The first n problems usually don't sum up exactly to the required score for the performance rating. As a result, the requirements reported are in the format of 'solving up to problem X with a probability p', where p is the probability that makes the score of the first X-1 problems plus p * score of problem X equal to the required score.

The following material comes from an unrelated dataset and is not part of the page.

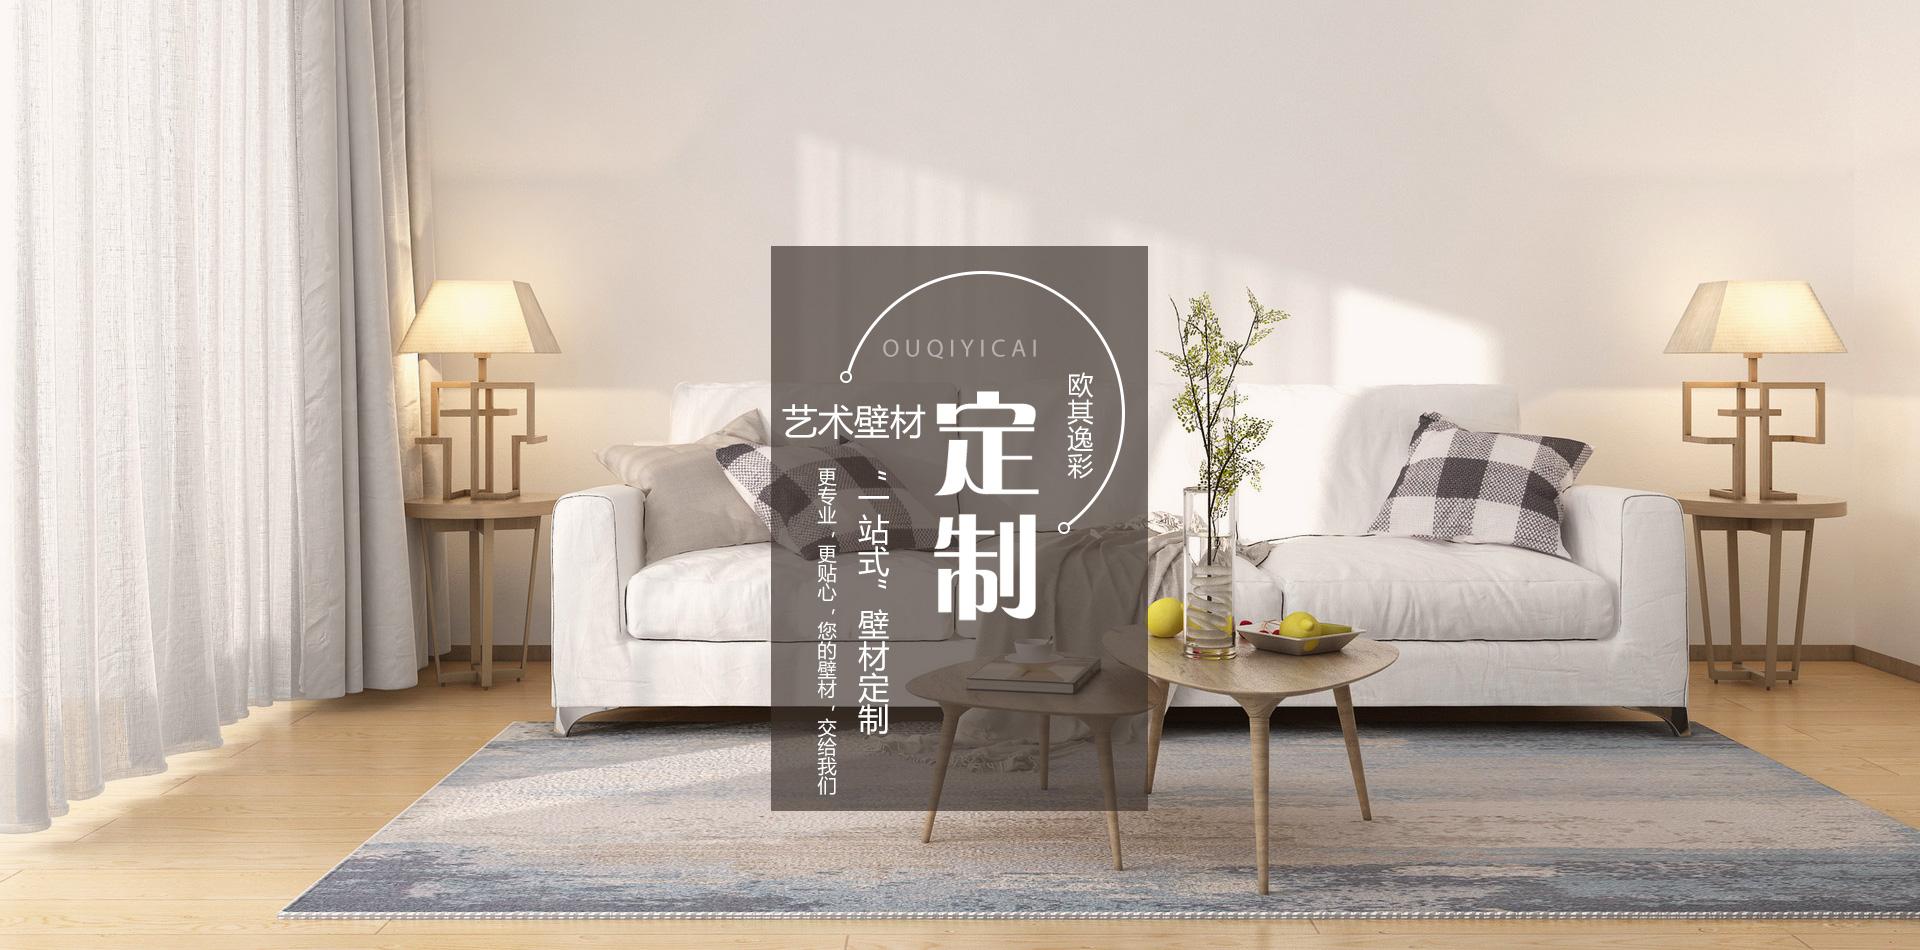 沈阳艺术涂料代理加盟

The results for the most recent 8 Div.1 contests are illustrated in the following table:
Round Name | Score Required | Boundary Problem | Ratings of Boundary Problems |
---|---|---|---|
Codeforces Global Round 28 (Div 1+2) | 5984 | F, 61.7% chance | NA |
Codeforces Round 990 (Div 1) | 2492 | C, 82.8% chance | 1600/2100 |
Rayan Programming Contest 2024 (Codeforces Round 989, Div. 1 + Div. 2) | 7252 | F1, 50.1% chance | 2200/2500 |
CodeTon Round 9 (Div. 1 + Div. 2) | 7973 | E, 71.7% chance | 1700/2200 |
Refact.ai Match 1 (Codeforces Round 985, Div1+2) | 9801 | F, 43.3% chance | 2100/2500 |
Codeforces Global Round 27 (Div 1+2) | 5917 | F, 29.6% chance | 2300/2500 |
Codeforces Round 980 (Div 1) | 2532 | C, 68.6% chance | 1700/2400 |
Codeforces Round 975 (Div 1) | 3120 | D, 74.7% chance | 1700/2200 |
The last column displays the problem ratings of the two problems on the boundary (i.e. the boundary problem and the one prior).

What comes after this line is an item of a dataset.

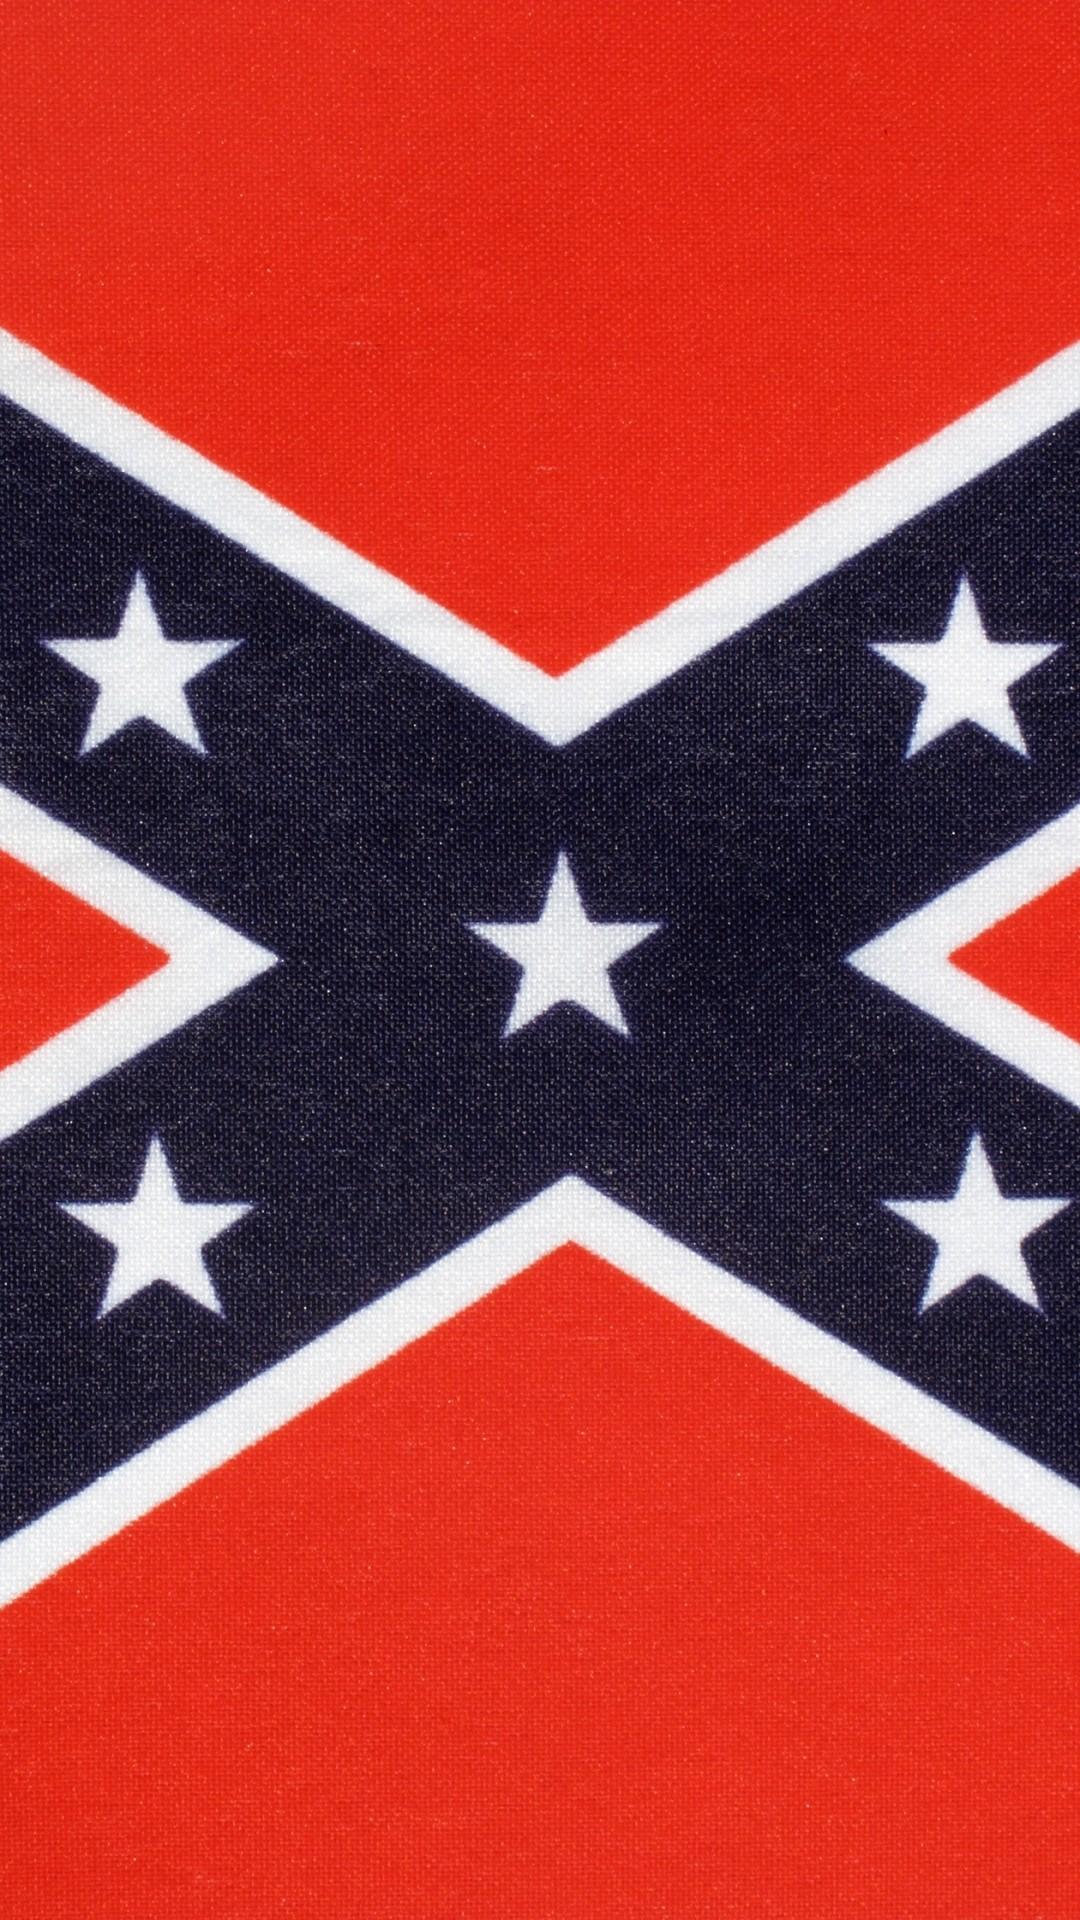 Confederate Flag Wallpaper Hd Cool Rebel Flag Wallpaper 59 Images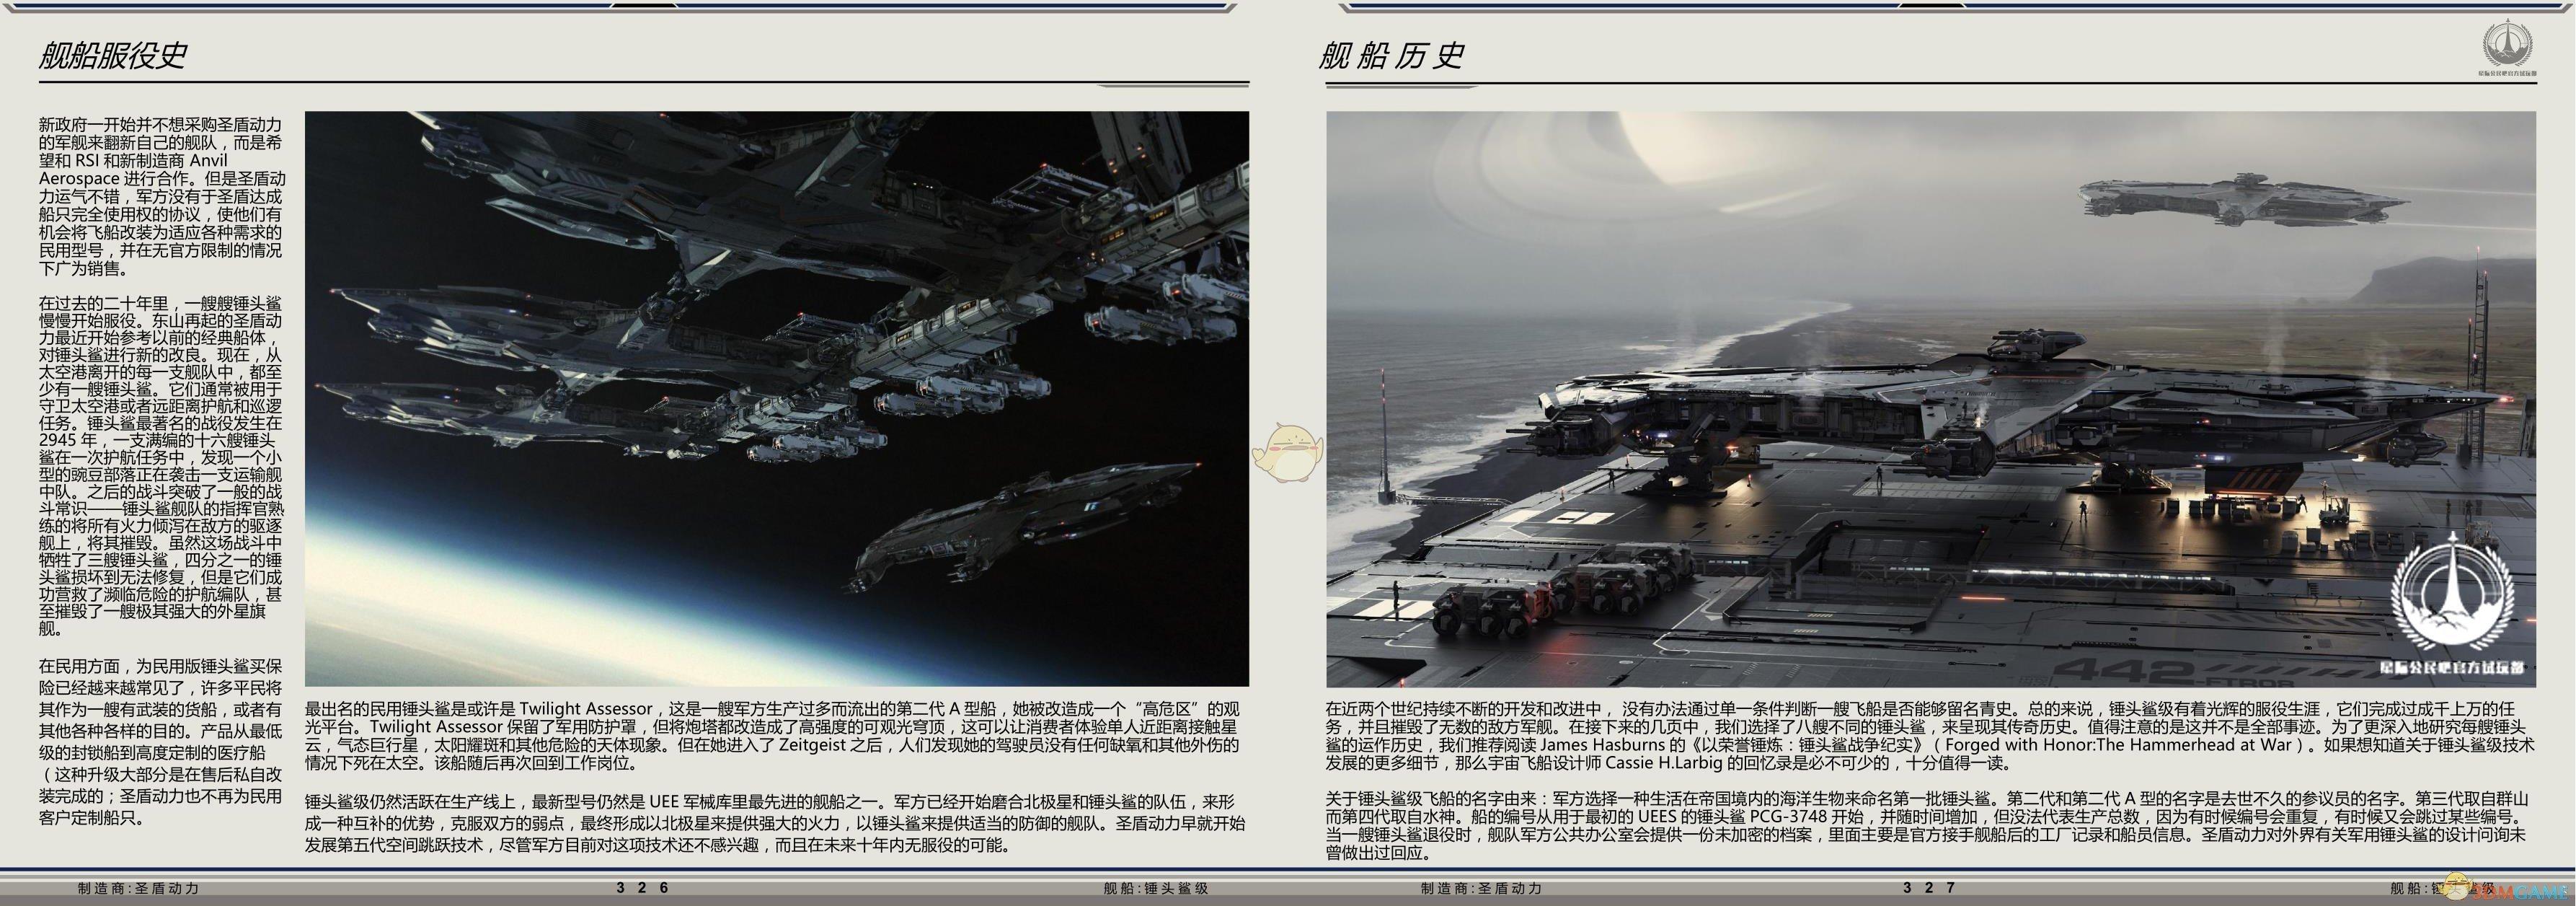 《星际公民》圣盾动力锤头鲨级舰船说明手册一览

From the table, we can see that the LLM has a large advantage in combined Div1+2 rounds, as these rounds have quite some more problems than the isolated Div 1 rounds (therefore benefiting from its speed, since it takes longer for human solvers to reach the later problems). For the isolated Div 1 rounds, the LLM needs to have a good chance (60-80%) at solving the 2100-2400 rated problems (while solving 1600-1700 rated problems with certainty) in order to achieve the proclaimed '2727 performance rating'. Extremely impressive nevertheless, although it is quite different from having a chance at solving 2700-rated problems. That being said, I'm sure advancements in LLM will make solving 2700-rated problems a reality in the near future.
Appendix:
The above assumptions are quite optimal even for LLMs. The following table displays another hypothetical scenario, where we assume that the LLM makes 1 incorrect submission per problem, therefore incurring a -50 penalty for each problem. The corresponding results are displayed in the following table:
Round Name | Score Required | Boundary Problem | Ratings of Boundary Problems |
---|---|---|---|
Codeforces Global Round 28 (Div 1+2) | 5984 | F, 76.7% chance | NA |
Codeforces Round 990 (Div 1) | 2492 | C, 92.8% chance | 1600/2100 |
Rayan Programming Contest 2024 (Codeforces Round 989, Div. 1 + Div. 2) | 7252 | F1, 50.1% chance | 2200/2500 |
CodeTon Round 9 (Div. 1 + Div. 2) | 7973 | E, 82.7% chance | 1700/2200 |
Refact.ai Match 1 (Codeforces Round 985, Div1+2) | 9801 | F, 53.3% chance | 2100/2500 |
Codeforces Global Round 27 (Div 1+2) | 5917 | F, 43% chance | 2300/2500 |
Codeforces Round 980 (Div 1) | 2532 | C, 78.8% chance | 1700/2400 |
Codeforces Round 975 (Div 1) | 3120 | D, 88% chance | 1700/2200 |
Note that the boundary problems do not change at all, although the LLM does need to solve them at a higher success rate. So it really is the speed of the LLMs that yield the advantage under this set of assumptions.